Hugh Manson and Muse’s Matt Bellamy have collaborated on dozens of guitars over the years. Many are one-of-kind Frankensteins with built-in Fuzz Factory circuits, sustainers, or onboard Korg Kaoss Pads.
Manson and Bellamy recently partnered with Cort to create the MBC-1 Matt Bellamy Signature model. While it’s largely based on Bellamy’s Manson MB1-S series, the Cort MBC-1 costs around 600 bucks—just a fraction of the Manson’s price. And even if it doesn’t have a built in Kaoss Pad like the original, it still boasts cool features like a video game-style kill button to enable some of Bellamy’s tone tricks.
Built Bellamy Tough
While the MBC-1 is relatively inexpensive, Cort didn’t cut corners. Some of that might be due to Manson’s involvement (which includes final setup and assembly). After serving as John Paul Jones’s guitar tech for several decades (and building some of JPJ’s custom basses) Manson and his team possess a wealth of knowledge and perspective.
Whatever the inspiration, the MBC-1 is replete with thoughtful design details. Locking tuners with thick, sturdy grips help ensure tuning stability. The irregular height of the machine heads creates an even break angle past the nut, improving resonance and eliminating the need for a string tree. I also appreciated the rout just past the last fret, which exposes the truss rod, facilitating fast and easy adjustments.
One slight concern is that the pickup selector switch is positioned next to the volume and tone knobs. While I didn’t have any issues, I can imagine some players inadvertently flicking the switch during aggressive strumming.
The basswood body’s unique single-cut design (with a slightly exaggerated upper horn) stands apart from Fender and Gibson clones. The matte-black finish was formulated to be extremely resilient and scratch-resistant. With its no-pickguard top and a stark rosewood fretboard free of position markers or inlays, the MBC-1 has both a tough, utilitarian guise and undeniable rock star appeal.
The Manson Touch
The Manson team oversees construction and final setup, so it’s no surprise that the playability was fantastic right out of the case. The wide, D-shaped, high-gloss maple neck has a compound radius fretboard with medium jumbo frets. It’s extremely comfortable, whether playing large chord shapes in the low register, bends around the 10th fret, or melodies past the 12th.
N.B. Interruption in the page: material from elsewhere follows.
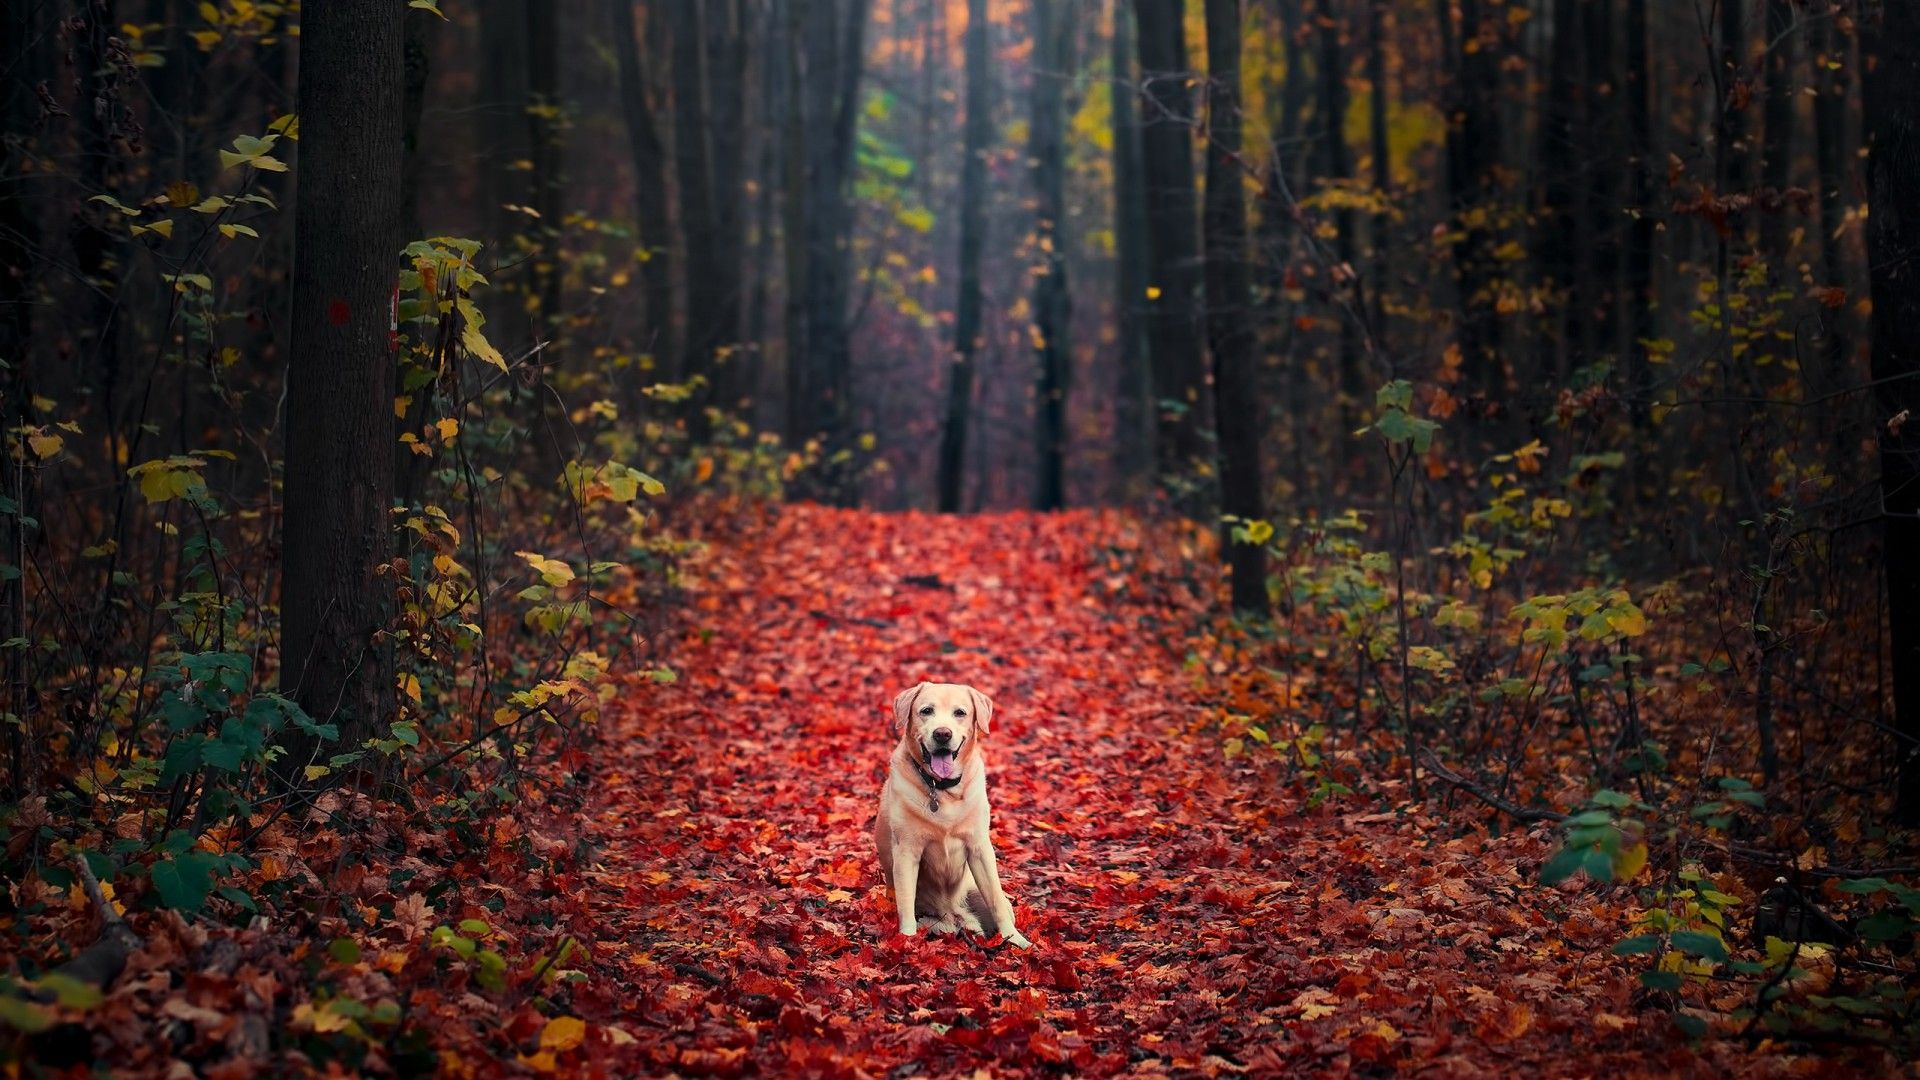 Download wallpaper of Labrador Retriever, Autumn, Foliage, Forest, HD, Animals,. Available in HD, 4K res. Labrador retriever, Autumn forest, Dog background

Manson’s custom pickup set consists of an alnico 5 bridge humbucker and a neck single-coil. Testing the MBC-1 with a Mesa/Boogie Mark IV amp, I was impressed by the high quality of these pickups. With many guitars in this price range, the first order of business is to swap out pickups. But these sound so nice that it’s hard to imagine an improvement unless you’re looking for a very specific sound that the Cort can’t deliver.
The bridge pickup has a bright, modern rock tone palette with plentiful, cutting mids and heaps of sustain. Using the Mesa’s lead channel, I could cover everything from hard rock to hyper-aggressive metal, depending on how I set the amp gain and the Cort’s volume knob. Even with the guitar volume down to about 4, I got surprisingly hot, lively, and dynamic blues-rock tones.
The neck pickup is beefy and warm. Even when I attacked the strings, turned up the guitar tone, and dialed up a clean, bright amp sound, things never got shrill. With the guitar’s volume knob rolled back a hair and using the Mesa’s rhythm channel, I got powerful, articulate blues-rock tones. While the pickups have unequal output, the volume shift between them feels organic.
The middle position pairs the single-coil and humbucker for rich tones with excellent mass and string detail. Fast single-note lines were easy to play, but maintained strong note-to-note clarity. This position was also great for funky rhythm work with a clean amp setting.
While I don’t quite have Matt Bellamy’s creative spirit, I had a blast putting the kill button to use. The video game-like button design is much easier to work than a toggle switch. This led me to a whole new relationship with the guitar’s sonic possibilities. Rather than just use the kill button for a staccato accent that I might employ once in a set, I connected a looping pedal and used my left hand to articulate a power chord progression with hammer-ons while using my right hand on the kill switch to create beats. I then layered various textural parts above that groove and gradually got into a trance-like state. The kill switch is more than a gimmick. It was a catalyst for an otherworldly musical exploration.
While I didn’t have an original Manson Bellamy for comparison, the MBC-1 is a quality instrument by any standard. For Bellamy fans, the kill button puts one of his signature effects at your fingertips. Even if you’re not a Muse devotee, the MBC-1 is a great axe that covers a huge range of styles at an accessible price.